The big day finally arrived—Brian’s wedding! The few days leading up to it were a bit harried as there were a bunch of errands and social ENGAGEMENTS that we had previously COMMITTED to (theme! Get it? Ok, I’ll stop). Add to the mix drama with an eBay dress, scheduling miscues and helping AJ pack for Asia made for an interesting and busy weekend.

But naturally, the highlight was attending the wedding. It was a hot, beautiful day, and I almost sweated off all of my makeup on the drive there. Beautiful! Thank goodness for smudge/waterproof eye makeup. (This would prove to be a popular refrain on numerous occasions during the night.) The reception hall was really nice—not in the least bit gaudy, which is what I expected from the hall’s exterior. Brian and Ali had both their ceremony and reception at the hall, which was super convenient. The chupah was beautiful—all white gauzy chiffon. When Brian and Ali took their places before the rabbi and the cantor, backlit by the camera lights, there was a definite sense of peace and calm. The most moving parts of the ceremony was seeing Mrs. Lee, Mrs. Goldenberg and Ali walk slowly around Brian three times and hearing the cantor and Ali’s brother sing out the blessings to the couple. Because of these moments, there was such an Old World feeling to the entire ceremony. I know it’s cheesy, but you could really feel a sense of history and depth to the proceedings, especially when the cantor sung—his voice melancholy, solemn, pleading. How many generations before Brian and Ali have done this? In dark and in light, here and away. For the first time I felt the weight and beauty of the Jewish faith and it was…amazing.

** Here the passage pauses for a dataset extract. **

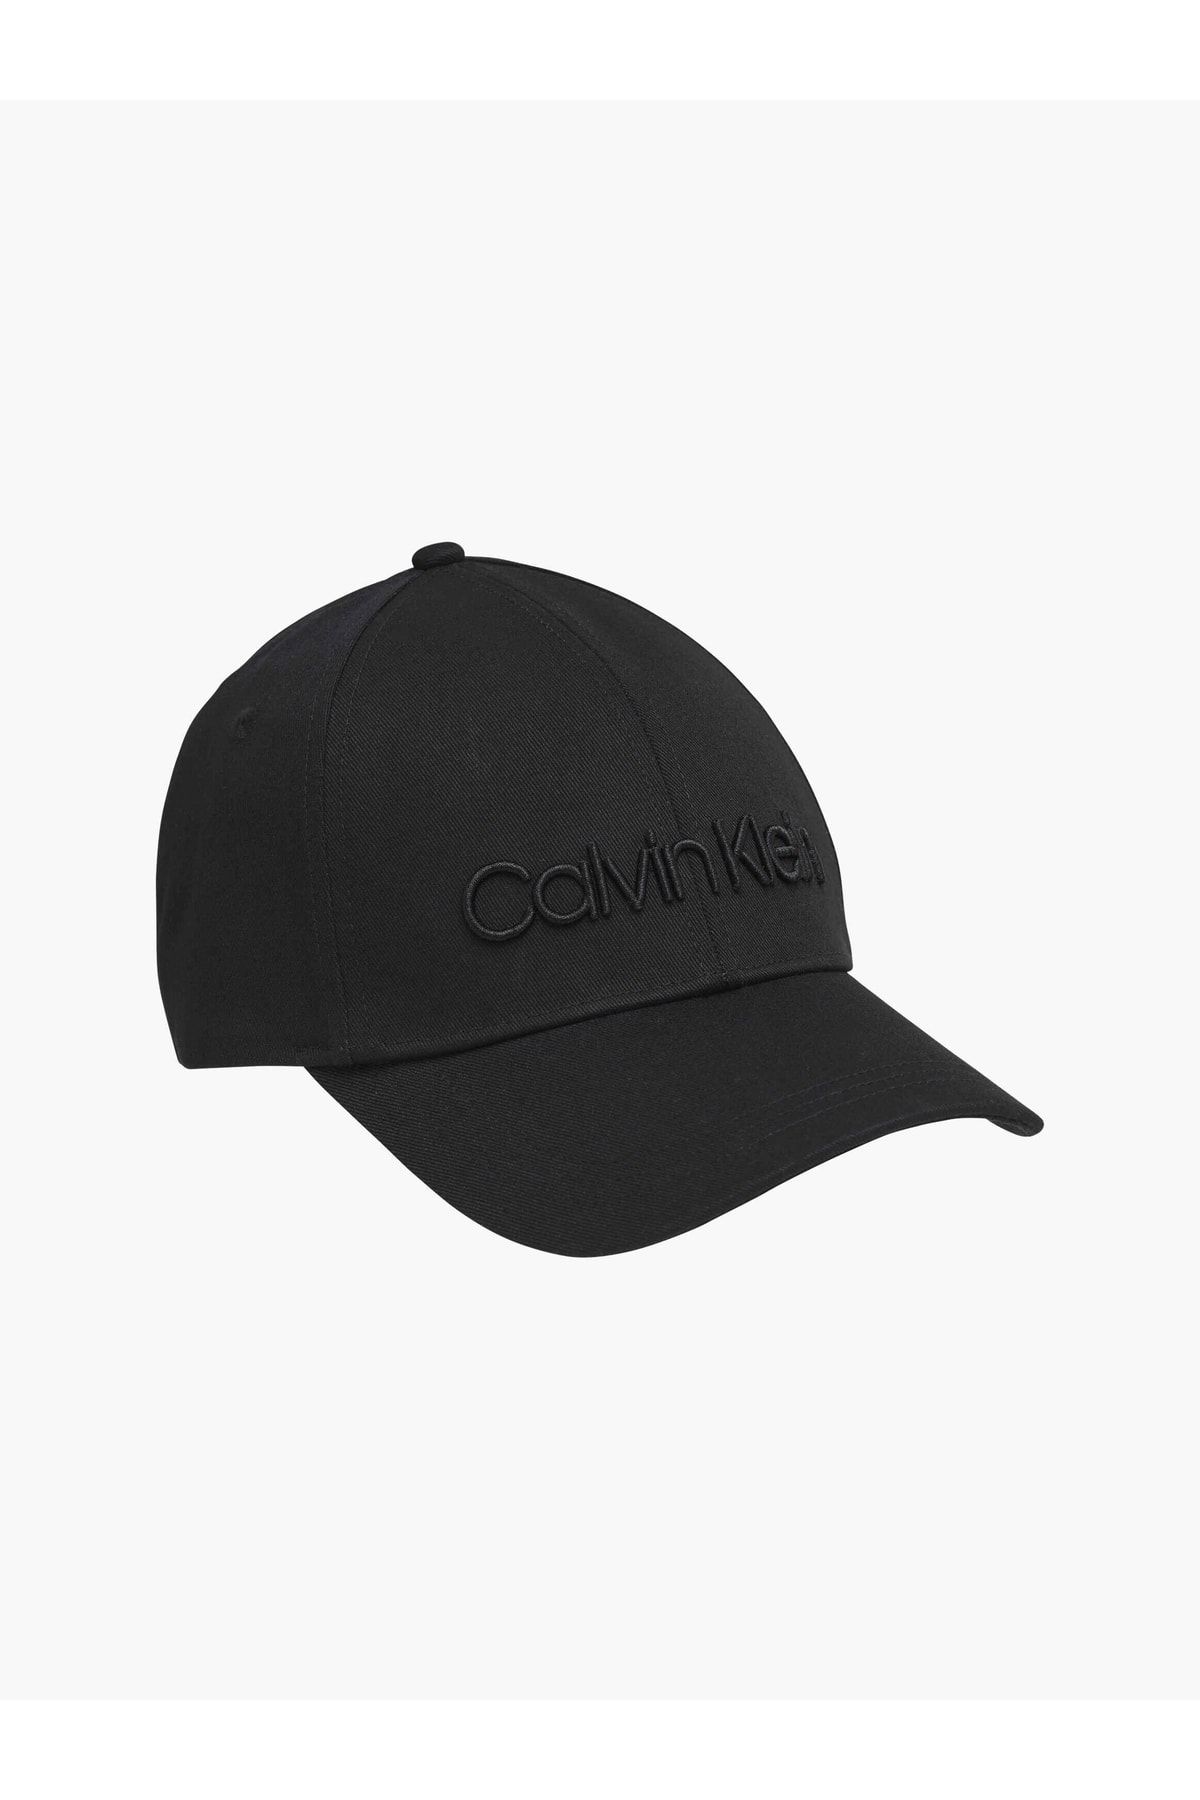 - Trendyol - Calvin - Klein Black Hat Casual

I hope I never forget this.







The reception was really fun—these families know how to throw a party! It actually outclassed the HQN Christmas party, by far. The band was amazing—Rob and Christina got their card (wedding-to-be in July ’07!); Earth Wind and Fire never sounded so good! And there was so much food. [AJ, the prime rib was the size of Kathy’s head! No joke! I chose to eat that (well attempted to finish, at least) instead of the chicken, which I gave to Leo. I know you’d be proud =)]










It felt a bit surreal to be with everyone again. It really was like prom, but the grown-up version. It was kind of bittersweet to think that at this happy event, this could be the last time everyone would be together, these people that I shared the majority of my teenage years with. Everyone looked so beautiful and handsome. And happy. I wish wish WISH I could say it was a perfect night, but it wasn’t. I didn’t feel that constant joy or spirit of celebration. I actually felt a bit wistful for a few moments because I felt a bit distant from everything, like sometimes I was just…watching this event unfold in front of me. I caught myself a number of times comparing people to their high-school selves. I remember you... How grown-up you are. And maybe that’s why my emotions have been so exaggerated as of late. I don’t fit in the same spaces that I used to (and I don’t mean winter weight!), and it’s unnerving; I’m out-of-sync with everyone else. Am I not trying hard enough? Maybe. Probably? I miss Liz. I miss Kartik. I miss the guaranteed ease of friendship. Everything feels too close to the surface, and I’ve been getting weepy over the smallest things. After I left the airport Sunday morning, I had to listen to AJ’s voice message seven times before I could stop crying. Ridiculous! I sound crazy. (But I really miss you and it’s only been a day and a half.)


Ugh, this entry has become depressing. Well, here’s the high note: Brian is married! To his beloved Ali, and I have a sneaking suspicion they’ll make it. Brian looked so happy, and it didn’t faze me to think of him as a married man (the ring looked odd on his finger though… probably because it looked fake!). I’m really happy for him. I don’t think I can ever get married though. Weddings are… for lack of a better word, INTENSE. all in all, the wedding was a blast =) congratulations mr & mrs. b. goldenberg!












And I’ve learned my lesson: I won’t buy another dress off of eBay… for the time being.